Protesters Call for Removal of the University of Iowa FIJI Chapter

Following sexual assault allegations, over 2,000 students gathered outside the University of Iowa Phi Gamma Delta fraternity chapter, some breaking windows and spray painting the house.

More than 2,000 protesters gathered on the sidewalks and in the street on Ellis Avenue outside the University of Iowa Phi Gamma Delta chapter house on Tuesday. Members of the fraternity, commonly known as FIJI, face sexual assault allegations.

Before the official start of the protest at 8 p.m., people holding signs lined the sidewalks, and a neighboring fraternity handed out water. The house, which had been graffitied earlier in the day, stood with a few lights on and blinds drawn.

Chants of “F— FIJI,” “Rapist,” and “Protect our girls,” sprang back and forth up and down the block before the crowd began inching closer to the chapter house. A few protesters left the crowd to approach the house. Some broke windows with rocks, knocked and banged on the front door, threw eggs, and graffitied the house’s sides.

A group broke down the FIJI house door and went inside, reemerging with the fraternity’s composite, a framed collage of photos of the chapter members. The house’s mailbox and security cameras were also damaged, and cars were flipped over.

The crowd began moving to the 700 block of Iowa Avenue around 8:30 p.m., where members of the fraternity were rumored to be staying during the protest. A few protesters stayed behind while others left their signs on the house’s front lawn. The house on Iowa Avenue was also damaged, with people throwing rocks and a few protesters standing on the roof.

The UI is the second university to have its students protest a FIJI chapter. The allegations come just days after the University of Nebraska-Lincoln FIJI chapter also came under fire for sexual assault allegations. UNL students have protested for days to abolish the chapter, which has had multiple sexual assault allegations, according to The Daily Nebraskan. UNL has suspended its FIJI chapter while an investigation takes place.

In a statement released on Monday via social media, the UI’s FIJI chapter wrote that sexual misconduct is treated with a zero-tolerance policy by the chapter and that any individuals who have proven themselves incapable of exemplary conduct have and will be expelled.

“The members of our chapter want to make a firm stance that sexual misconduct will always be found, rooted out, and justly dealt with in our community,” the statement said. “We advocate thoroughly for any and all measures that will serve to further create safe circumstances for every individual regardless of race, sex, or gender.”

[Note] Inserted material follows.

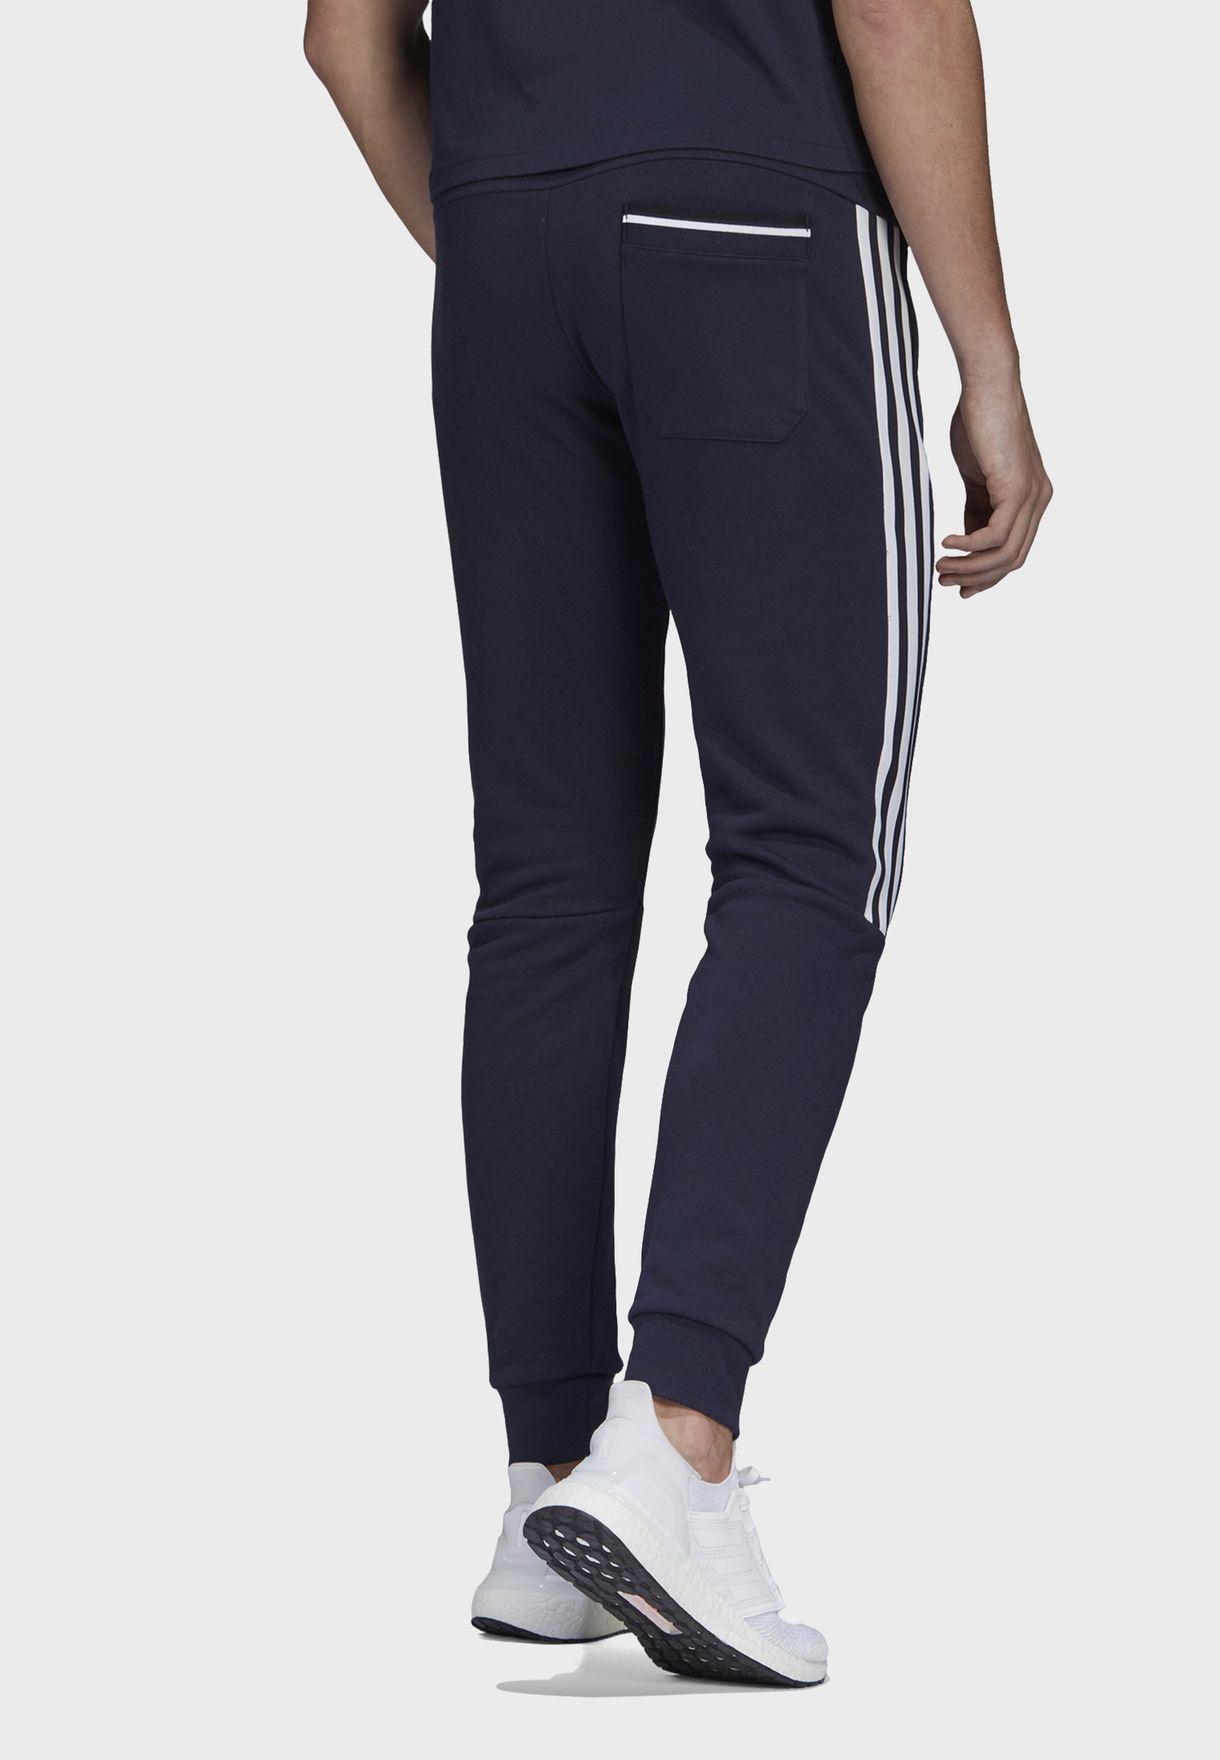 3 Stripes Sportswear Sports Men's Jogger Pants
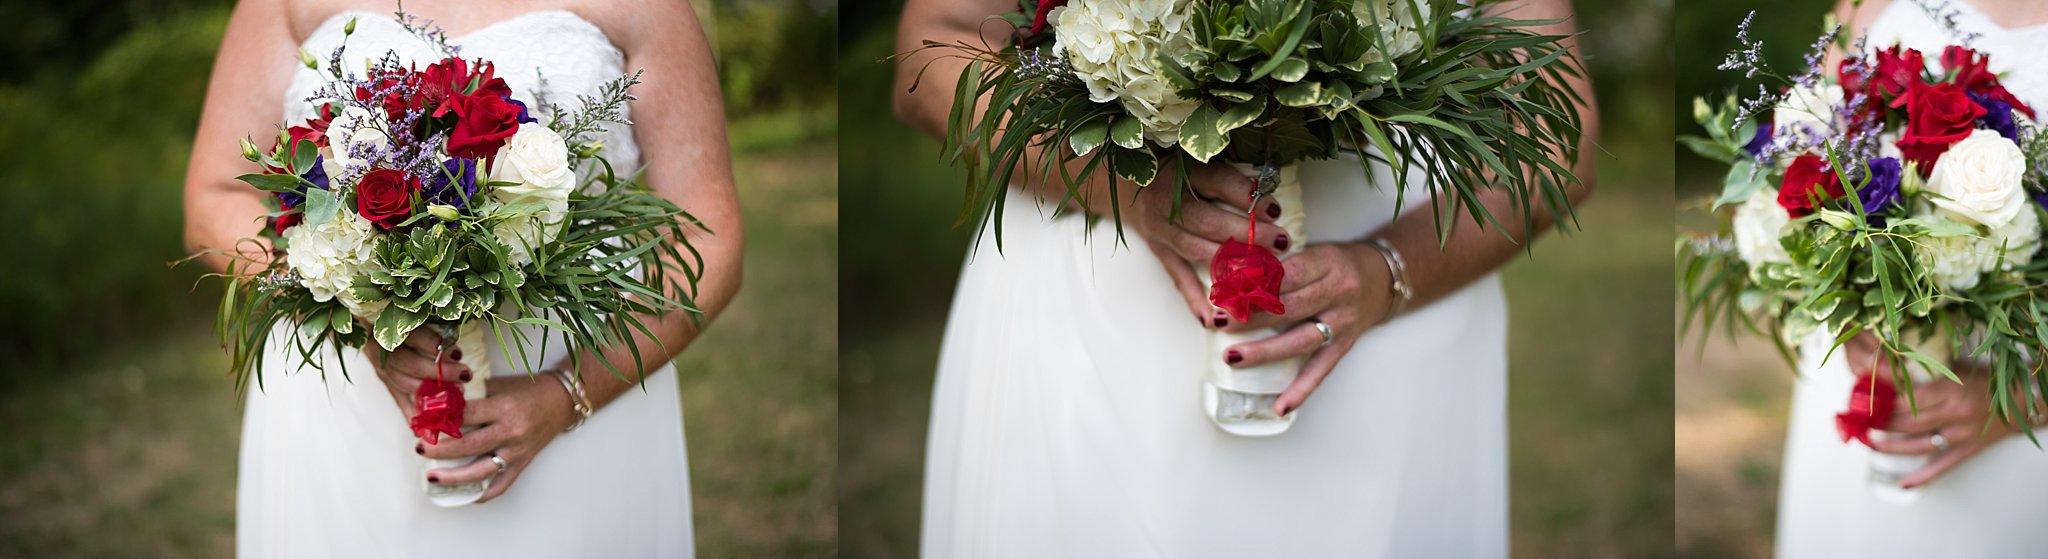 new england summer weddings.jpg

Before the protest, protest organizer and UI first-year Amelia Keller said the UNL protests helped spur the movement at the UI forward.

“I think it almost inspired and made us feel energized in the sense that this can be something big,” she said. “This is something people care about, and it’s such a similar story of what happened at Nebraska’s FIJI, it would almost be remiss of the University of Iowa students — we have sort of a responsibility to have a similar movement here.”

An online petition describing an alleged sexual assault that took place at FIJI in September 2020 has reached over 80,000 signatures as of Tuesday night.

Keller said she wanted the protest to work as a step to remove the chapter from campus.

“I’m super excited for tonight, I’m super excited for it to hopefully spark some change at the University of Iowa and how we handle assault on college campuses, in general. But I do see this as a first step,” she said. “It’s great for people to show up and it’s great to show our support for the victim and for systemic change, but what we really need to see is that concrete change from the University of Iowa admin.”

In a message to the university, Dean of Students Angie Reams and Executive Officer and Associate Vice President of the Division of Diversity, Equity, and Inclusion Liz Tovar decried sexual assault and urged people with information on the allegations to come forward in order to start an investigation.

The two noted that the Office of Institutional Equity investigations and police investigations are separate. The message also said the university plans to release an update to its anti-violence plan in September.

“The University of Iowa does not condone sexual misconduct of any kind and takes every allegation seriously,” the message stated. “To proceed with an investigation, the university needs anyone with information and evidence to contact the Office of Institutional Equity.”